You can. Because they actually said that—for 2020 only—as long as you put back any distributions that you’ve taken so far by Aug. 31, 2020, it will be treated like you never took it out.
There has to be a catch here …
There’s a little bit of a catch, because of course most people have withholding taken off of their IRA payments, and if you had federal or state withholding taken off, that amount might not be able to be put back in.
Anything else on changes with the distribution rules?
I think a lot of that covers it. But one thing that I kind of want to go back to is those QCDs, or qualified charitable distributions. As a reminder, this is a way that people over 70 ½ can have their IRA funds transferred directly to a charity and take a deduction, even if they don’t itemize. And with the itemized deduction (you know, the standard deduction) being a fairly high threshold now, a lot of people are taking the standard deduction, but this is a way to take a deduction without having to itemize.

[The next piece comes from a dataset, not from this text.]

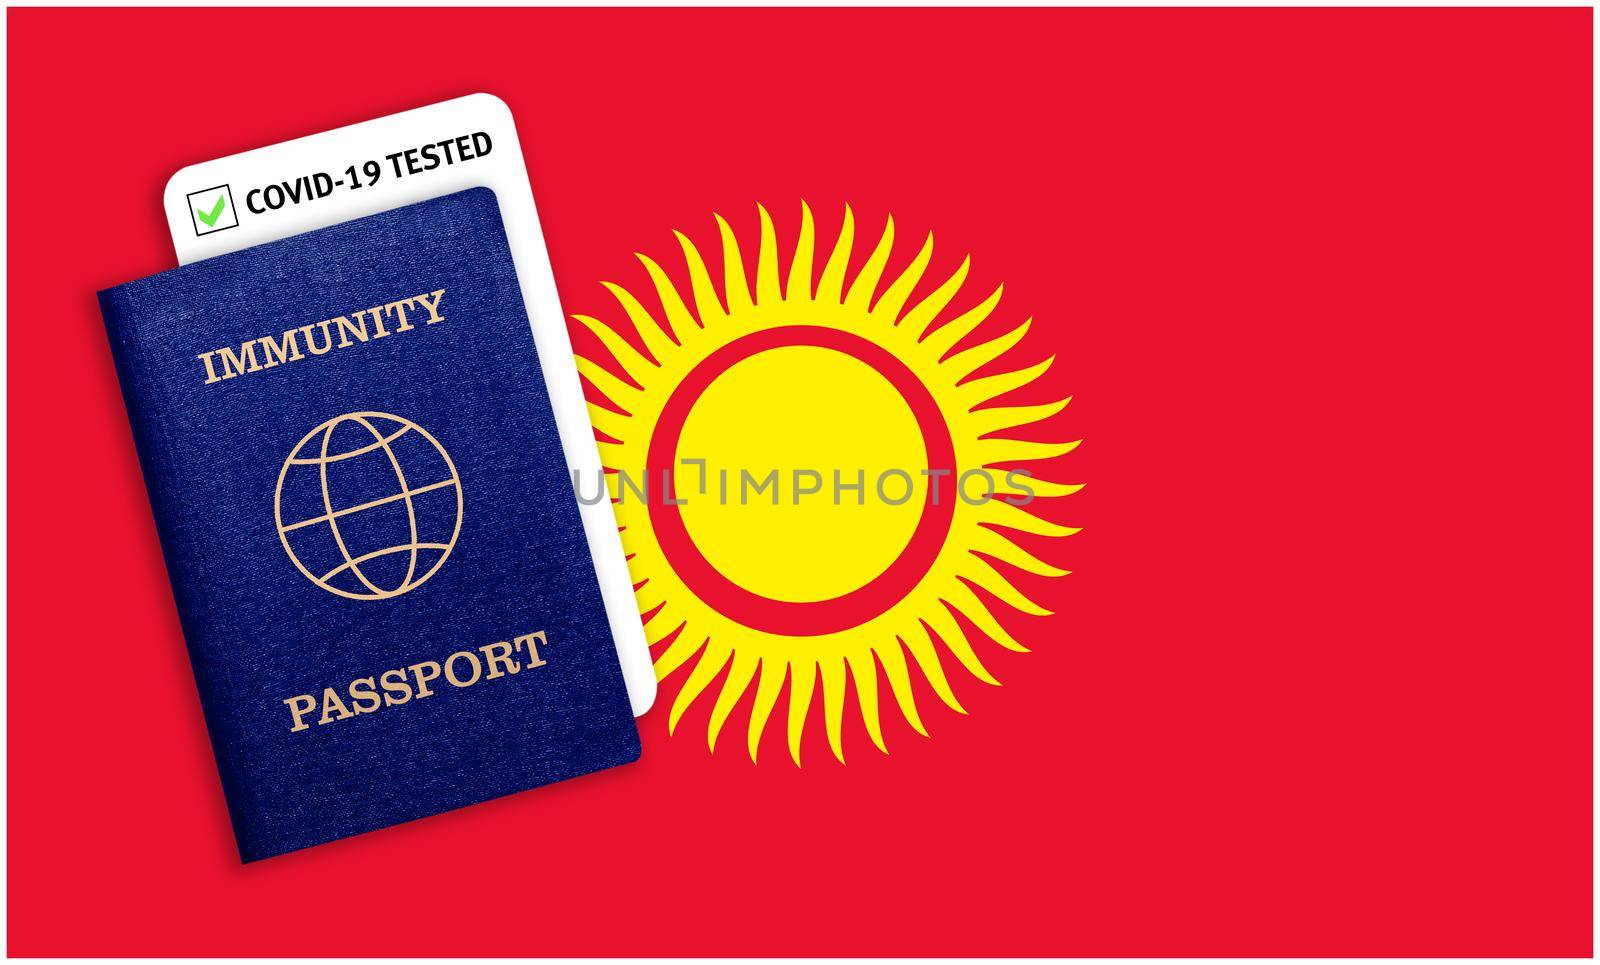 Immunity passport and test result for COVID-19 on flag of Kyrgyzstan by galinasharapova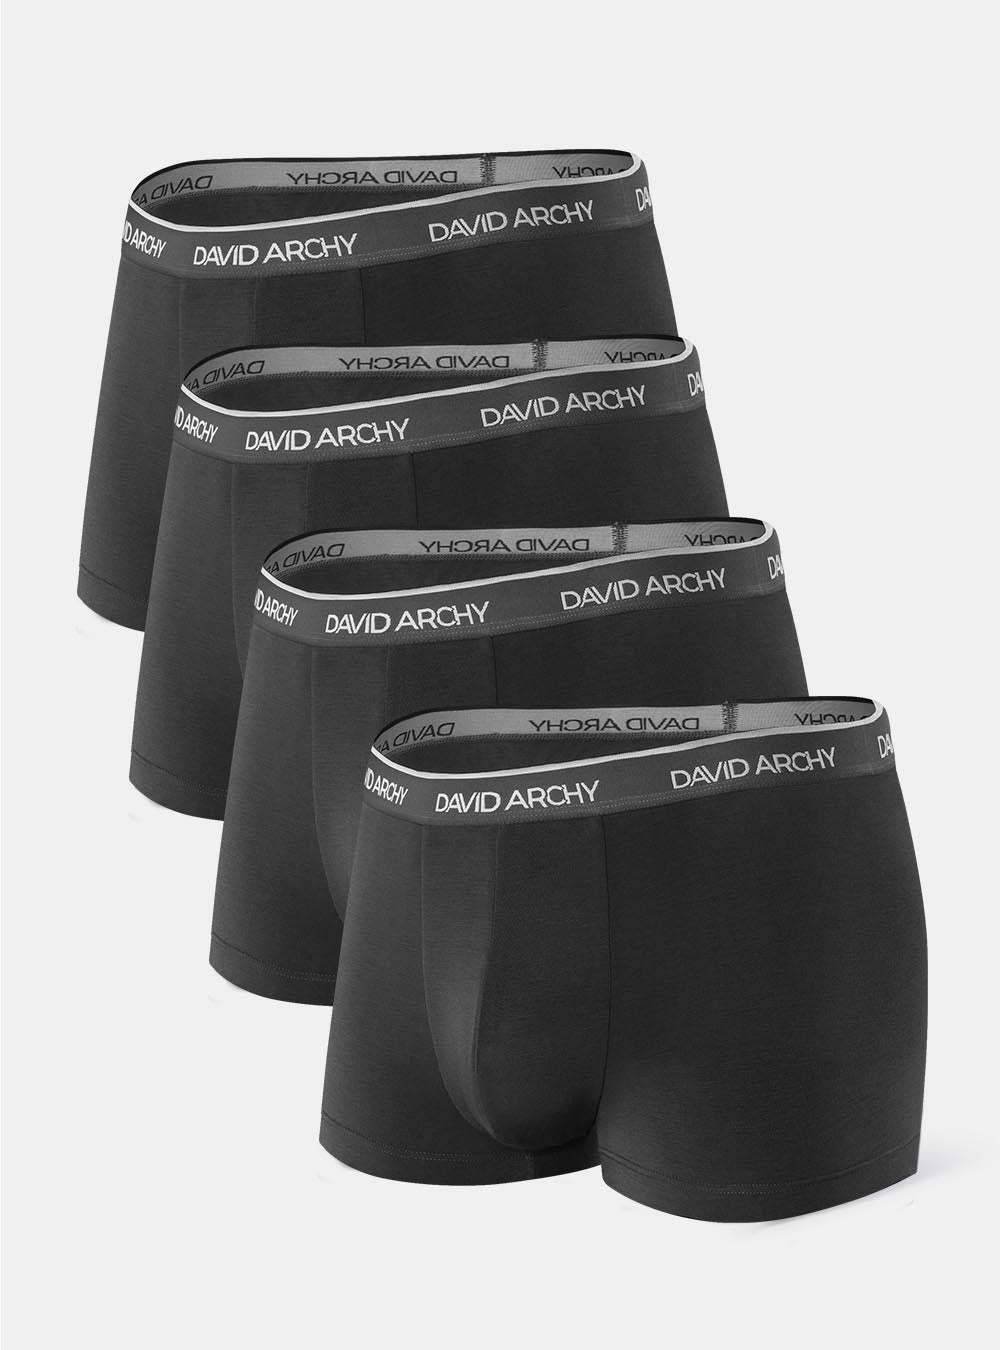 4 Packs Bamboo Trunks 3D Pouch Smooth David Archy Ultra Soft Smooth  Breathable Contour

So, even though the age for distributions changed from 70 ½ to 72 for people who have to take those required distributions, the age is still 70 ½ for people that want to transfer money right from their IRAs directly to a charity and essentially get a deduction for it. If you want more information on that, though, I would suggest going to our website, because we have a lot of good information on that. And of course, everybody’s circumstances are different; nobody’s circumstances are the same.